Northern Ireland is my birth country, though it doesn’t feel like home in the way it once might have done. I’ve changed too much. I don’t quite fit there in the same way, and perhaps I never would again, even if I returned. Yet the other countries I’ve lived in don’t fully feel like home either, because I haven’t been able to put down permanent roots in them.

That leaves a person in a strange emotional position. No longer fully belonging where you came from, and never quite belonging completely where you are. There’s a kind of freedom in that, and I can feel that too. I’ve often said I could live anywhere for a few years, and I believe that. I’m introverted, which probably makes certain parts of adaptation easier. I don’t need a huge social circle immediately. I tend to reconnect first with my work, my routines, my own inner world, and then slowly, if there’s time and space, other connections begin to form.

So, I’m not someone who needs to feel deeply rooted in one permanent place. That’s part of what makes this more complicated. I can tolerate untetheredness quite well, and there are parts of it that even suit me. I like knowing I can adapt. I like the expansion that has come from living in different cultures. I like the part of me that has become more flexible, more observant, more aware of how many different ways there are to live. And still, repeated rebuilding takes something out of you.

It asks you to keep beginning again. To keep finding your place. To keep learning the ordinary things other people don’t even have to think about anymore. It asks you to leave people behind, to turn beloved places into memories, to adjust your identity around yet another version of life.

That’s where the emotional cost sits for me. Not in loathing this life. Not in wishing I’d never lived abroad. More in recognising that expansion and displacement can exist together. You can be grateful for the life you’ve lived and still feel tired from the amount of times you’ve had to rebuild it. You can enjoy the untetheredness and still feel the ache of not fully belonging anywhere.

I think this is why spaces like 1-1 Support & Healing Sessions can matter for women living abroad. Not because anything needs to be turned into a problem, rather because there’re layers to this life that often don’t have anywhere to go. The grief of leaving, the tiredness of adapting, the quiet loneliness, the identity shifts, the way your confidence changes when you’re always starting again. Sometimes it helps to have a space where all of that can be spoken without needing to make it sound better than it feels.

And sometimes there’s also a need to reconnect with the version of you that exists beyond any particular place. That’s where something like the Future You Activation creative visualisation feels relevant, because life abroad can scatter your sense of self across different countries, languages, homes, friendships, and losses. It can help to remember there is still a you underneath all the adapting, even if that you has been shaped by every place you’ve lived.

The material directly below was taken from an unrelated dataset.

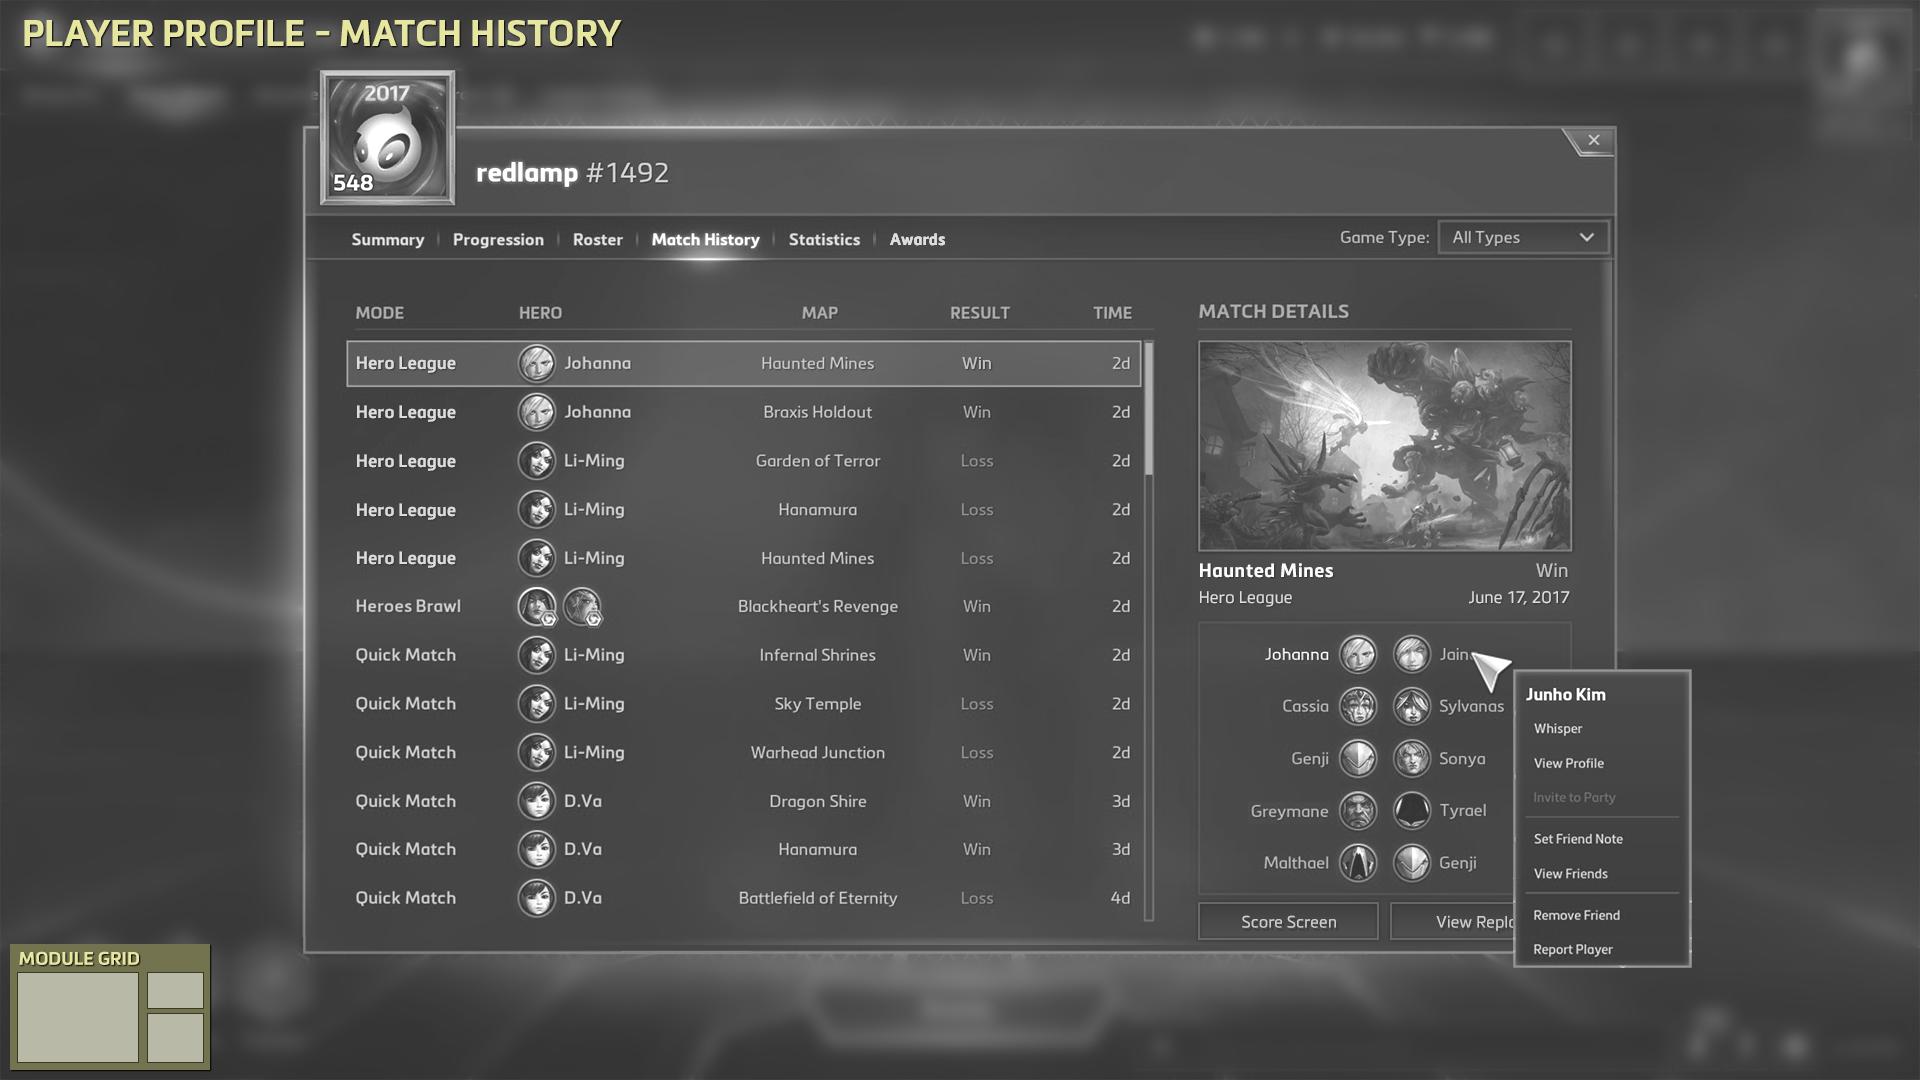 Player Profile - Match History
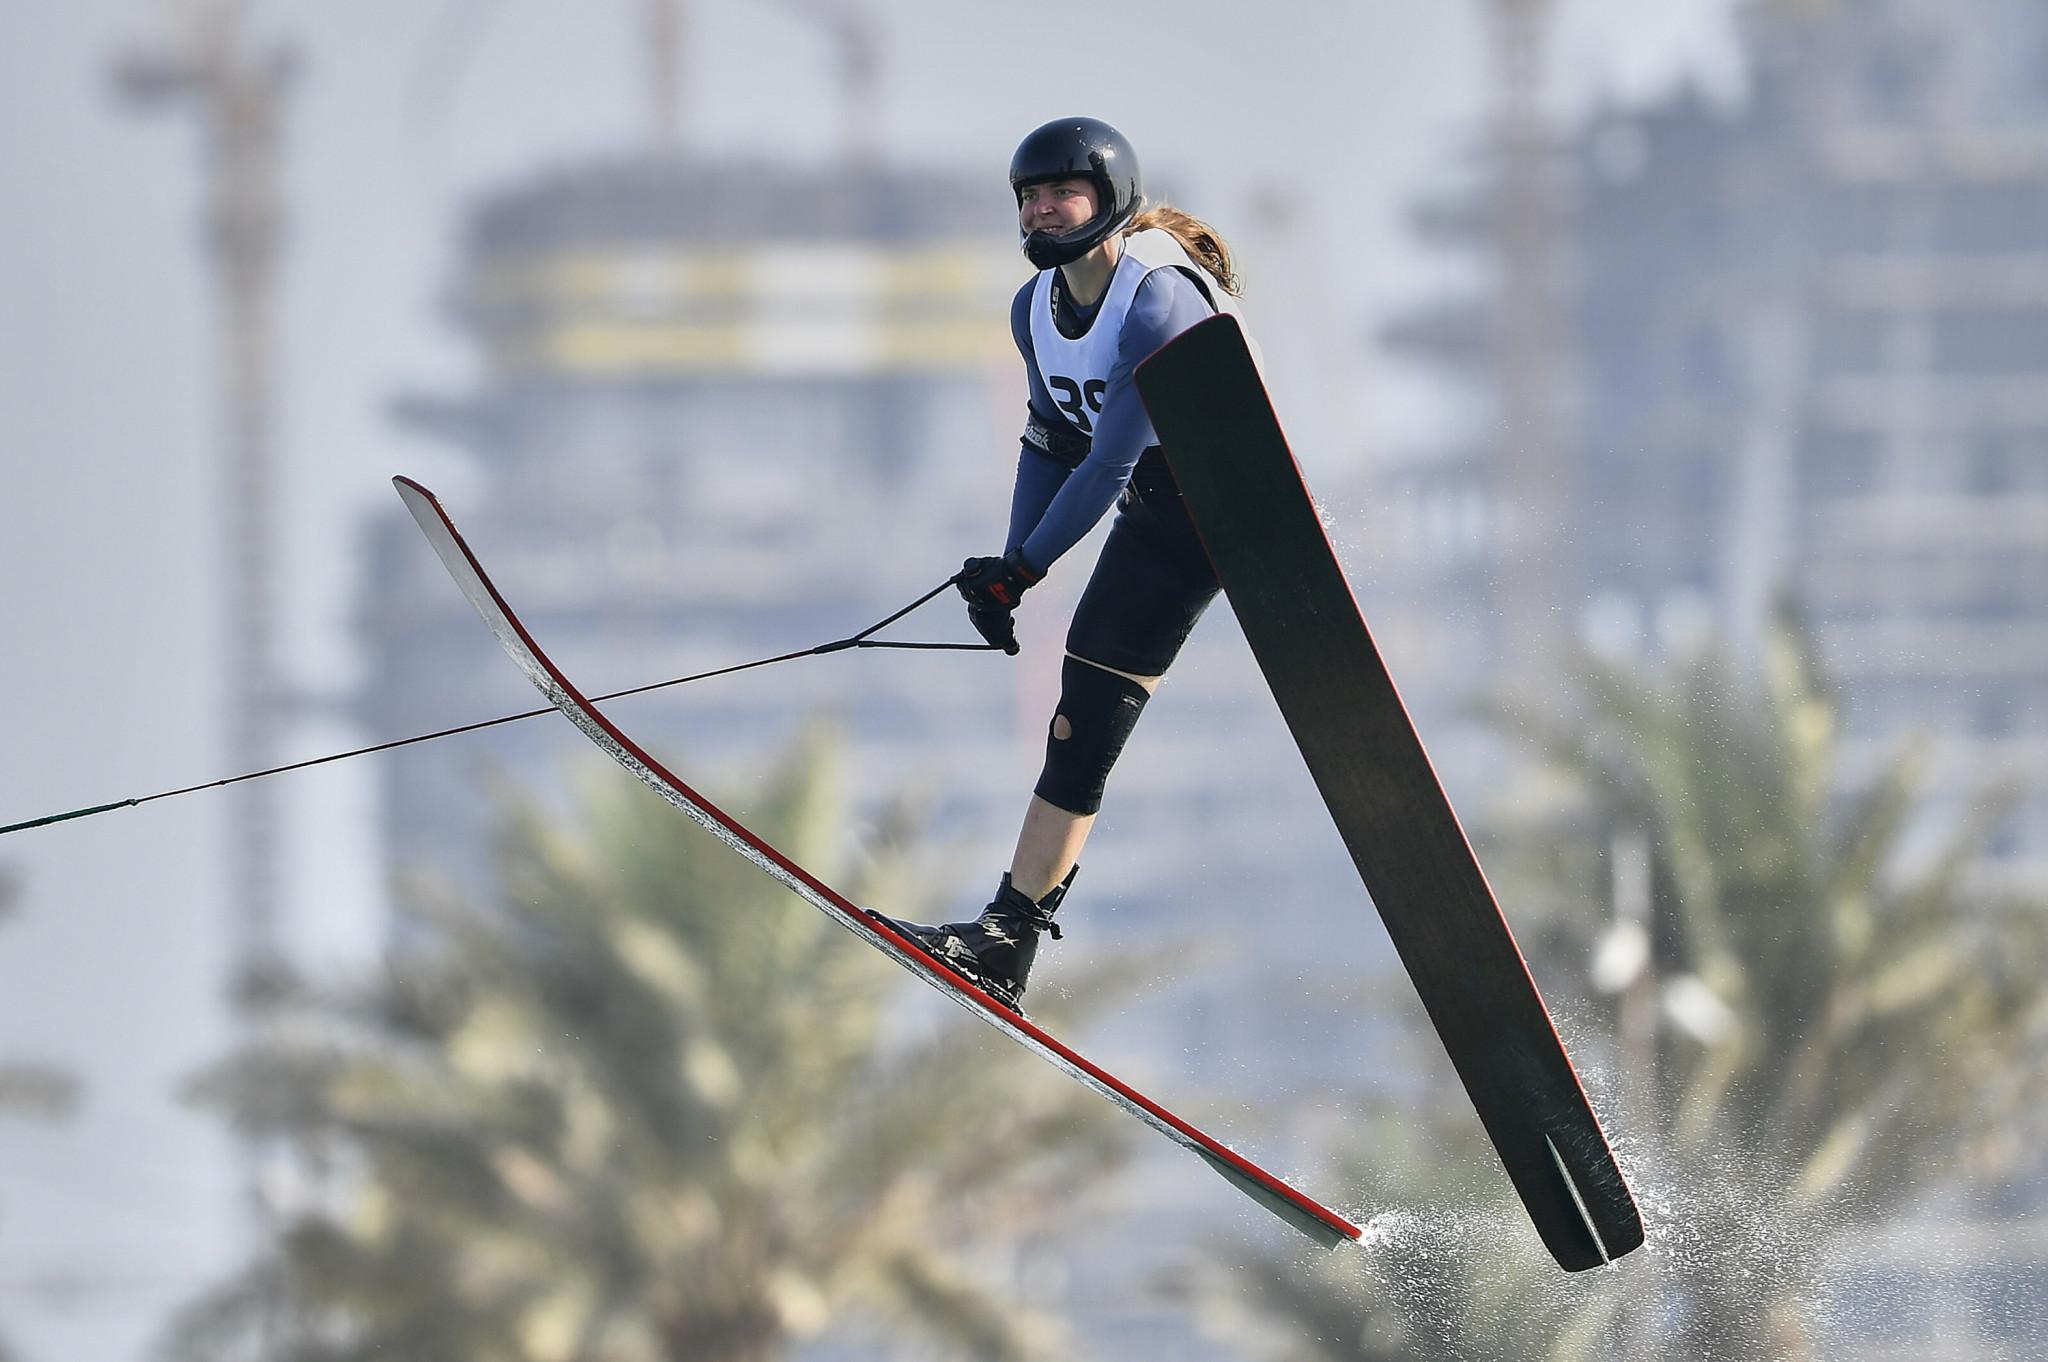 Waterski jump qualification begun ©ANOC

Because this life does change you. It widens you, and it unsettles you. It teaches you how to adapt, and it asks you to let go more often than you might want to. It gives you a bigger view of the world, and sometimes leaves you wondering where, exactly, you belong within it. And perhaps that’s the quiet truth many women abroad carry. You can build a beautiful life in more than one place, and still feel the weight of never fully belonging to any of them.